After locating the line that contains "e9eb1b7b4e COACH - Metallic" in the following entries, reproduce it and each later line exactly, including the last.
━━ Exercise materials ━━
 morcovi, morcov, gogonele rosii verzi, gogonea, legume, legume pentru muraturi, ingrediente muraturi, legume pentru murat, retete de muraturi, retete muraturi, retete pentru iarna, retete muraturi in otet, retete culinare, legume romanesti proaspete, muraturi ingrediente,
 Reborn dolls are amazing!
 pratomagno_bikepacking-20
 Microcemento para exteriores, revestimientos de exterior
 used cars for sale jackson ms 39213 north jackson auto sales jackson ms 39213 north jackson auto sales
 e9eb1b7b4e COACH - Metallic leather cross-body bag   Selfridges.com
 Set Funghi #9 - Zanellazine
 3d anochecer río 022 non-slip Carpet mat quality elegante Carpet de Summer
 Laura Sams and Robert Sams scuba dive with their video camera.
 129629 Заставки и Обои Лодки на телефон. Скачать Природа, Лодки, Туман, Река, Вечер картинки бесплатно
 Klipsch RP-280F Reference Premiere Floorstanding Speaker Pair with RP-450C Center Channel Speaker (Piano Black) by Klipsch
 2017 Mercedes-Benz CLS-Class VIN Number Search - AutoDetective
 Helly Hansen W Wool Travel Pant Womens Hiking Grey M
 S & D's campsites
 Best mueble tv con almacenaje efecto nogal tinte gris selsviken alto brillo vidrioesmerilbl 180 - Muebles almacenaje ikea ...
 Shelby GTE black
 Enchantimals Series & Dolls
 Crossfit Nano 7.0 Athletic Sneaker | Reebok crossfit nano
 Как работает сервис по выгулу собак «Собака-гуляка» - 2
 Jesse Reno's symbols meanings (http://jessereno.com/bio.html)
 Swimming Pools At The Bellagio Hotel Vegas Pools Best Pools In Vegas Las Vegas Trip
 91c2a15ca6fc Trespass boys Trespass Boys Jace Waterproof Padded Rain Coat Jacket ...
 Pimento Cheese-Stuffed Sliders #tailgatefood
━━━
Problem solution:
 e9eb1b7b4e COACH - Metallic leather cross-body bag   Selfridges.com
 Set Funghi #9 - Zanellazine
 3d anochecer río 022 non-slip Carpet mat quality elegante Carpet de Summer
 Laura Sams and Robert Sams scuba dive with their video camera.
 129629 Заставки и Обои Лодки на телефон. Скачать Природа, Лодки, Туман, Река, Вечер картинки бесплатно
 Klipsch RP-280F Reference Premiere Floorstanding Speaker Pair with RP-450C Center Channel Speaker (Piano Black) by Klipsch
 2017 Mercedes-Benz CLS-Class VIN Number Search - AutoDetective
 Helly Hansen W Wool Travel Pant Womens Hiking Grey M
 S & D's campsites
 Best mueble tv con almacenaje efecto nogal tinte gris selsviken alto brillo vidrioesmerilbl 180 - Muebles almacenaje ikea ...
 Shelby GTE black
 Enchantimals Series & Dolls
 Crossfit Nano 7.0 Athletic Sneaker | Reebok crossfit nano
 Как работает сервис по выгулу собак «Собака-гуляка» - 2
 Jesse Reno's symbols meanings (http://jessereno.com/bio.html)
 Swimming Pools At The Bellagio Hotel Vegas Pools Best Pools In Vegas Las Vegas Trip
 91c2a15ca6fc Trespass boys Trespass Boys Jace Waterproof Padded Rain Coat Jacket ...
 Pimento Cheese-Stuffed Sliders #tailgatefood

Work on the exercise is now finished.